Notes
A Commemoration of Rebecca Munson
Natalia Ermolaev and Meredith Martin
On August 13, 2021, the digital humanities community lost Rebecca Munson, a beloved colleague, scholar, mentor, and friend. Rebecca lived her entire life surrounded by books, and her passion for literature—and storytelling of all kinds—sustained her intellectual curiosity and inspired her professional path. Rebecca attended Columbia University, where she majored in English literature, and she studied Shakespeare and early modern drama for her master’s (Oxford) and PhD (University of California, Berkeley). Rebecca held several postdocs before moving to Princeton in 2016, where she started out as the digital humanities project manager at the Center for Digital Humanities (CDH).

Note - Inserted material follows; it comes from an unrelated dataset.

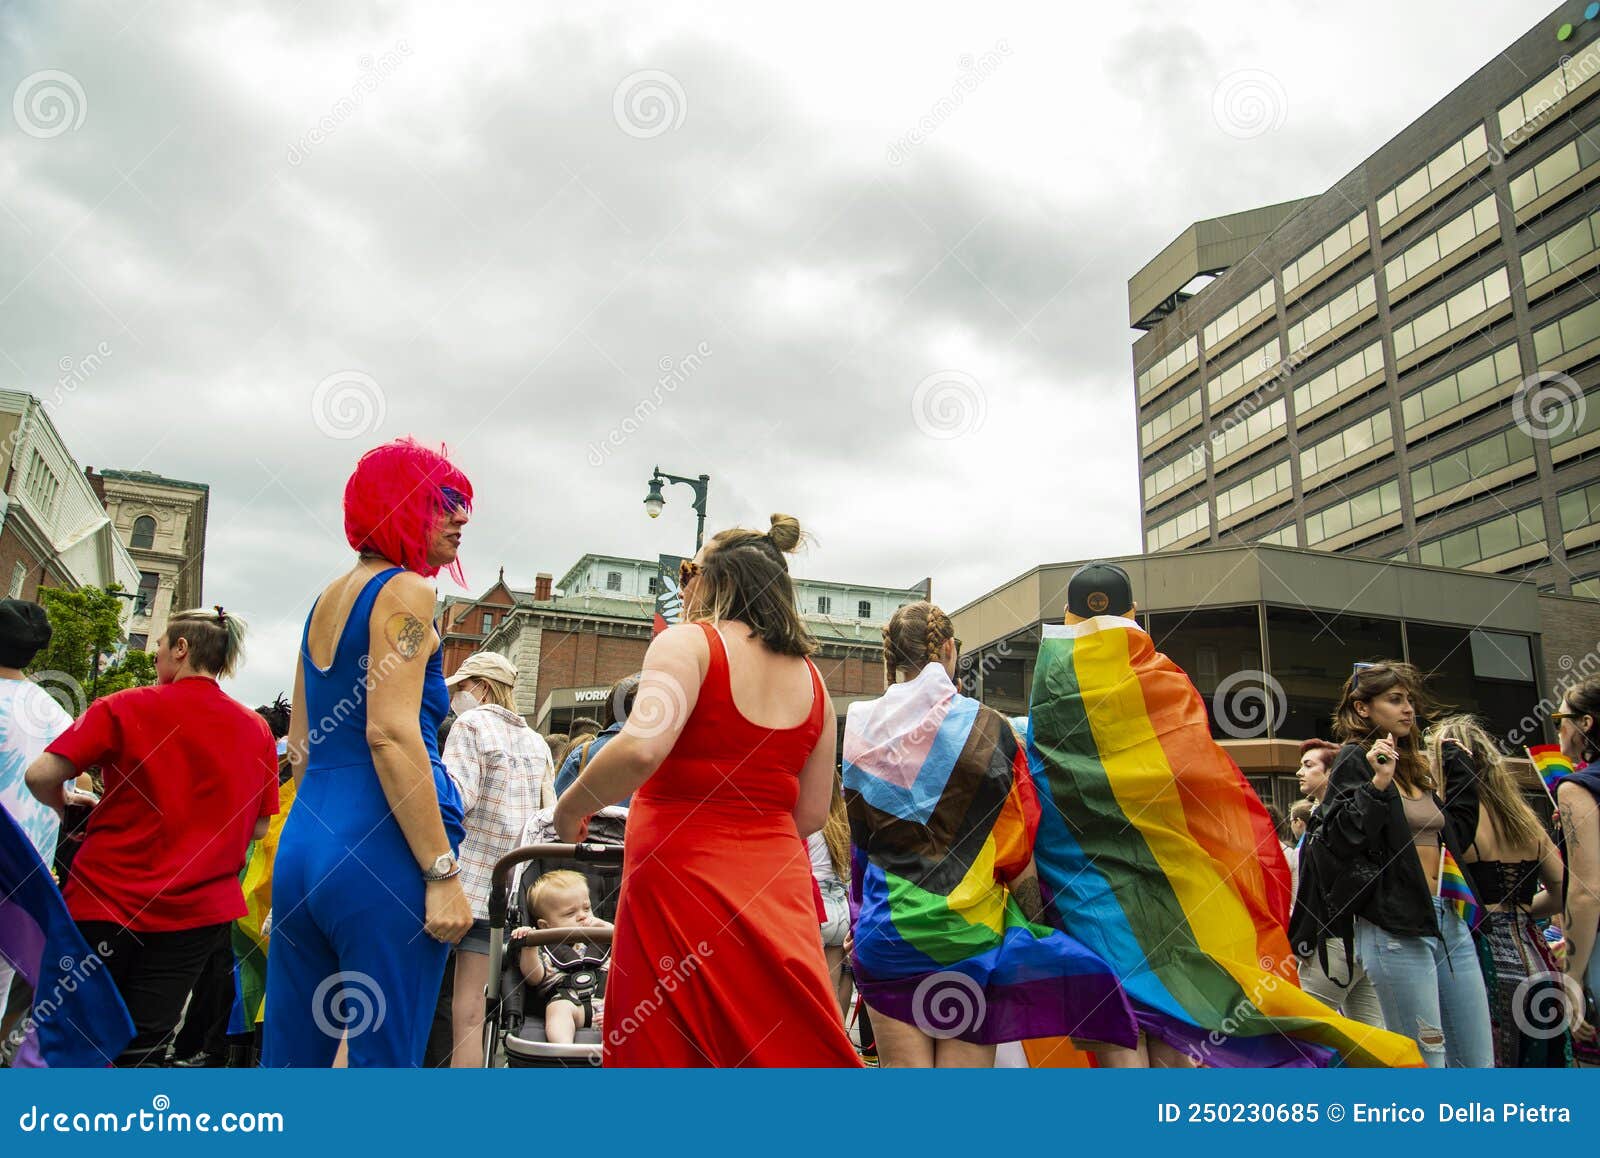 2015 Made History for LGBT Rights. Why 2016 Won't Match It. | Time
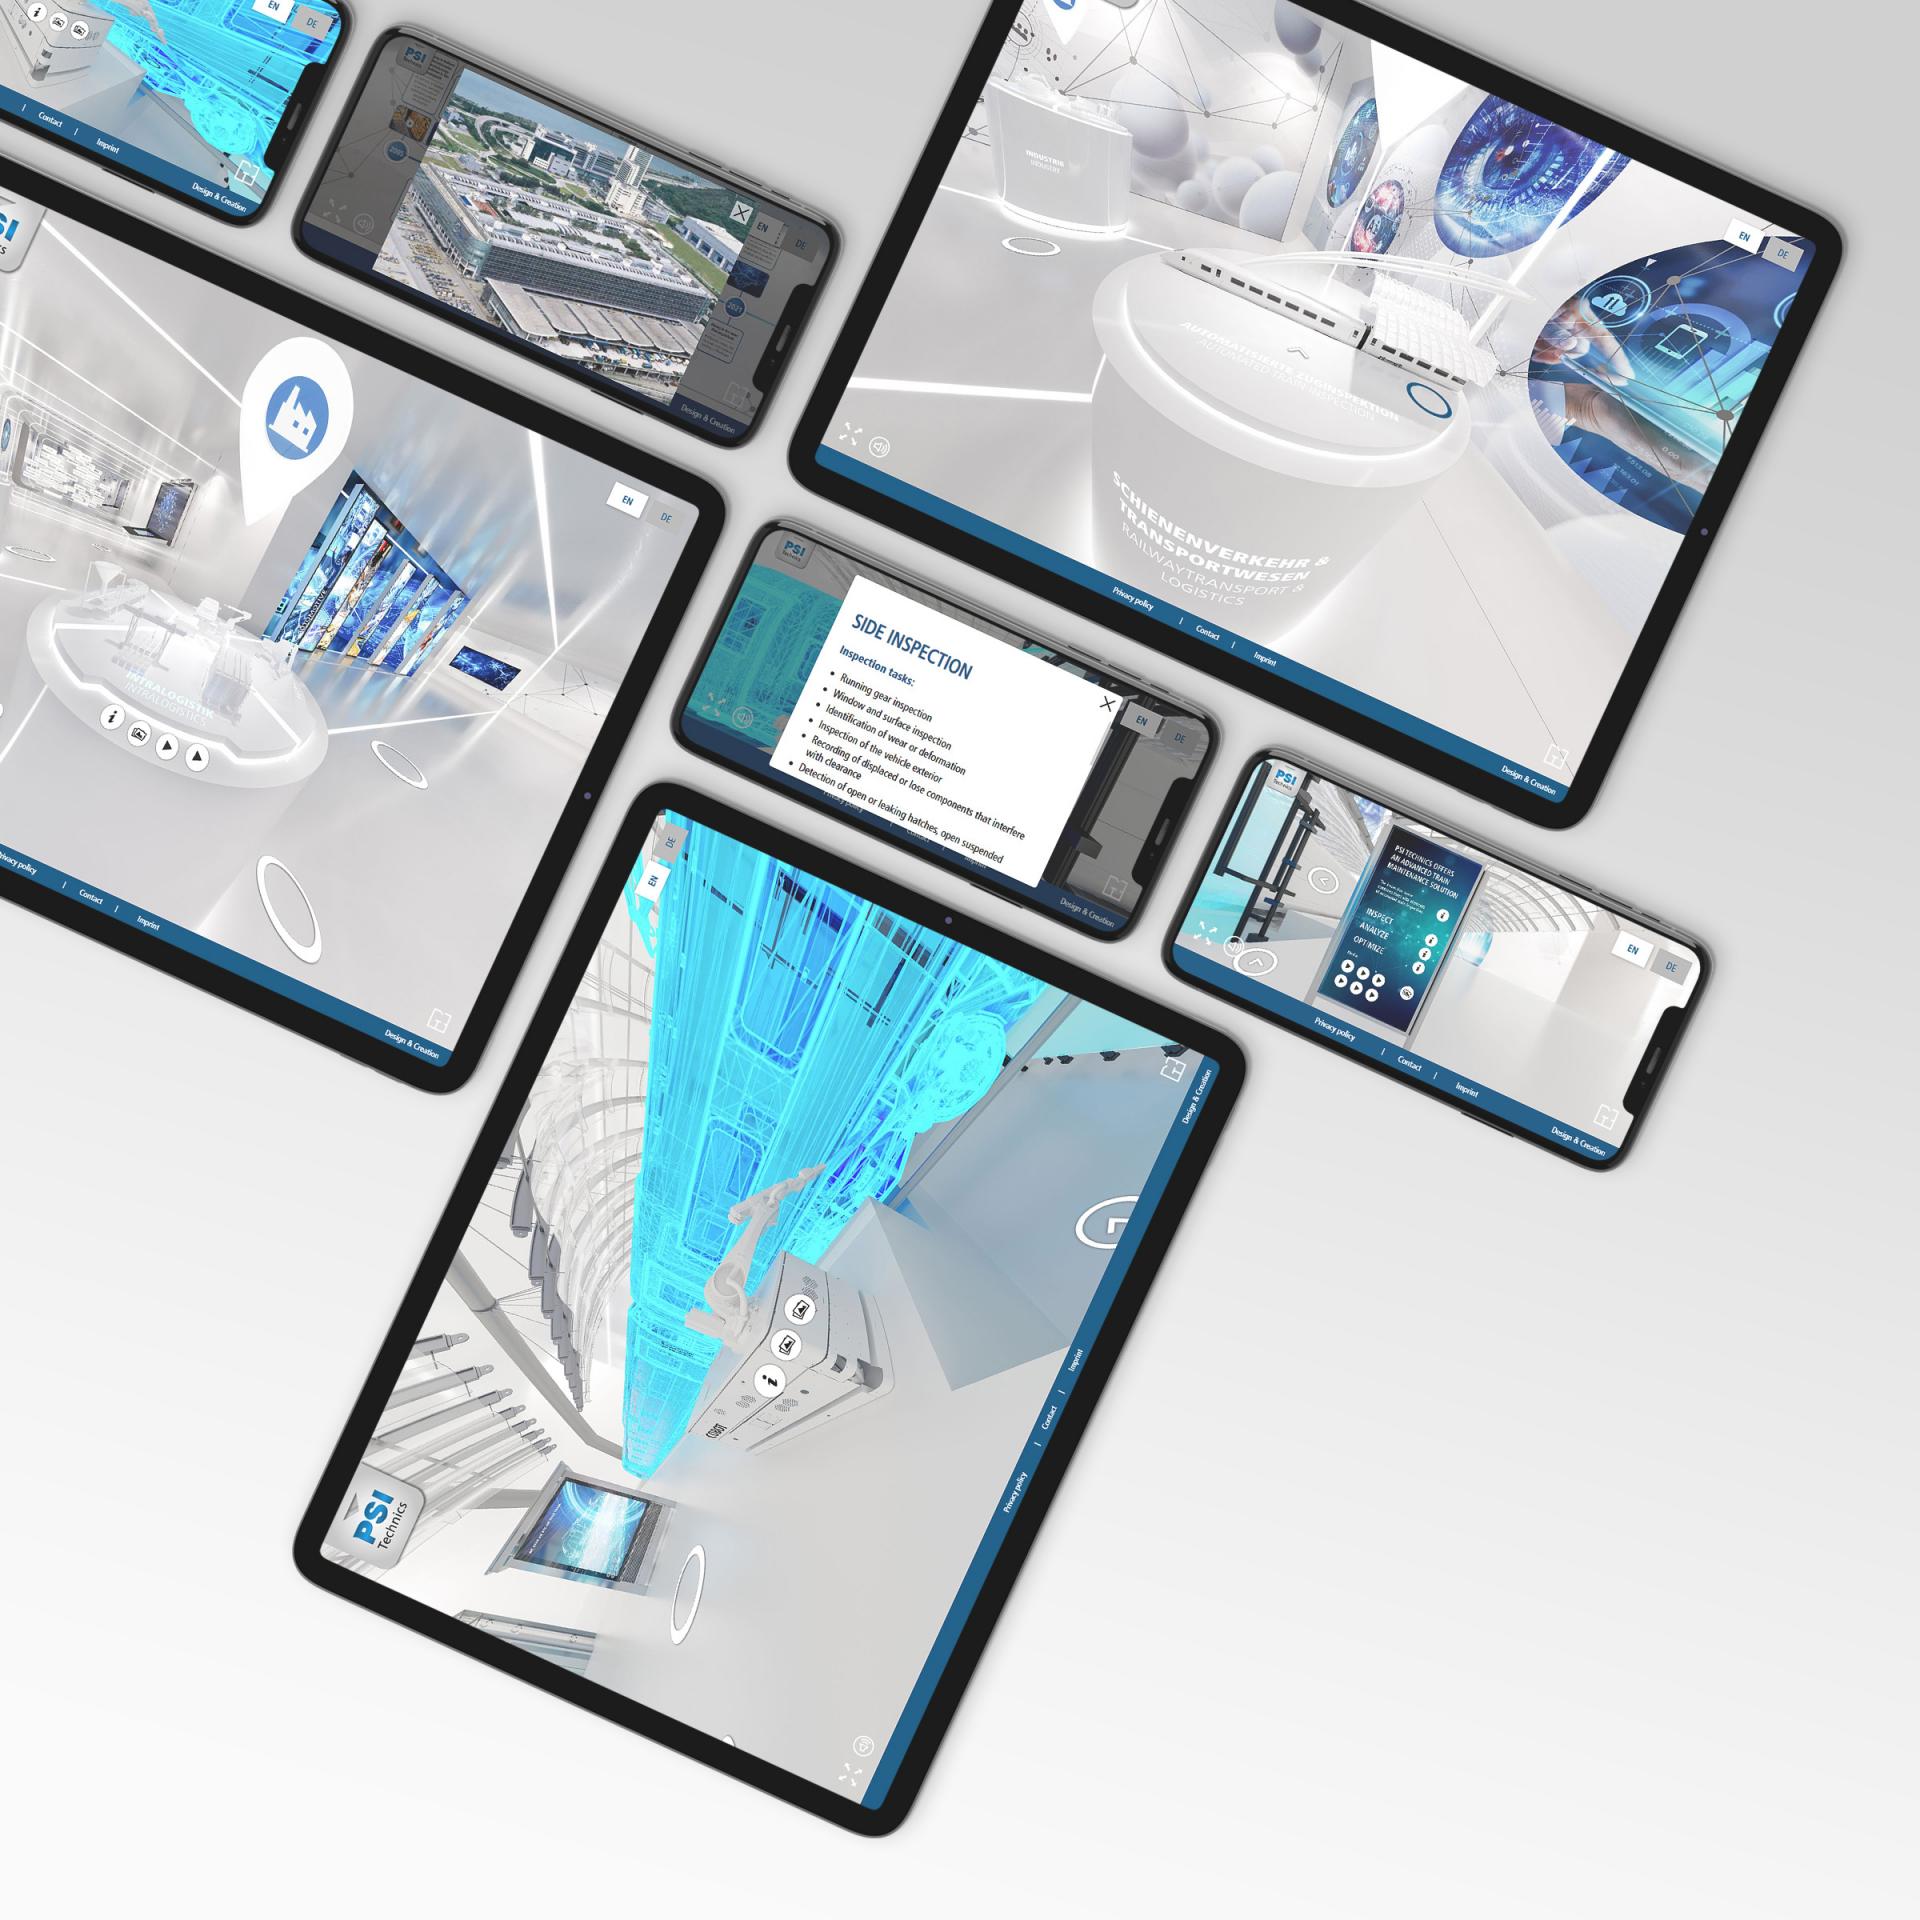 virtual 3D showroom as web application for different devices

In early 2021, she was promoted to CDH assistant director of interdisciplinary education.
Working with graduate students was Rebecca’s favorite part of her job. She designed and led the CDH’s grants, fellowships, and training programs that gave graduate students a chance to explore new scholarly avenues. She taught classes, gave talks, and published essays on topics ranging from marginalia in early printed books, to data models, to feminist theory, to the ethics of project management. She organized lunches, dinners, and parties for students and thrived on connecting people and creating community. She was a proud and committed mentor who cherished opportunities to guide students through the difficult terrain of graduate school.
In early 2019, when she was 34 years old, Rebecca was diagnosed with a rare and aggressive form of metastatic breast cancer. The honesty, vulnerability, and determination she showed while juggling work, research, advocacy, and cancer treatments—all during a global pandemic—made an indelible mark on all who knew her. Rebecca’s generosity, kindness, integrity, and empathy live on in the writing she left behind, from her many tweets, to the personal reflections she published on her blog, and to her scholarly essays, such as the one included in this volume.